Dylan Callaghan interviews screenwriter David Ayer for the
Writers Guild of America, west.
David Ayer's story is that oft-adduced, rarely seen example of a unique voice -- a genuine outsider -- finding success in the Hollywood trade. The Training Day screenwriter takes his first turn helming with the new film, Harsh Times, which stars Christian Bale as a Persian Gulf War vet, returning home to South-Central L.A. and its seductive thug life. For Ayer, it is a case study in writing what you know. Instead of going from parents with money and influence to some tony film school, he's a high school dropout, who at 14 was kicked out of home for bad behavior and moved in with a cousin in South-Central. After surviving those mean streets for several years, Ayer eventually wised up enough to escape death or imprisonment via a three-year stint in the U.S. Navy.

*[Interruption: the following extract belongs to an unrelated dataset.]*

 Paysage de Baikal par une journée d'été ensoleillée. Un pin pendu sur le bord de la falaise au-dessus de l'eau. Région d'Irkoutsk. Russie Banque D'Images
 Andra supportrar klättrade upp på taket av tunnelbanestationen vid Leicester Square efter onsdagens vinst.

Freddy Rodriguez and Christian Bale in Harsh Times, written and directed by David Ayer. "I think we've ridden the whole Joseph Campbell monomyth to death. The moral universe all Hollywood movies have to take place in is familiar ground to moviegoers. So writers have to do things like chopping up the narrative or telling stories backwards to get ahead of the audience.
There's a moral map that everyone has to use -- the studios push the moral universe in a certain direction that's very action-consequence, you know? You do something bad; something bad's going to happen to you in the next scene. I think real life is definitely more complex than that. In real life, good people get punished and bad guys don't. That's common. In my scripts I like to have a little moral complexity there."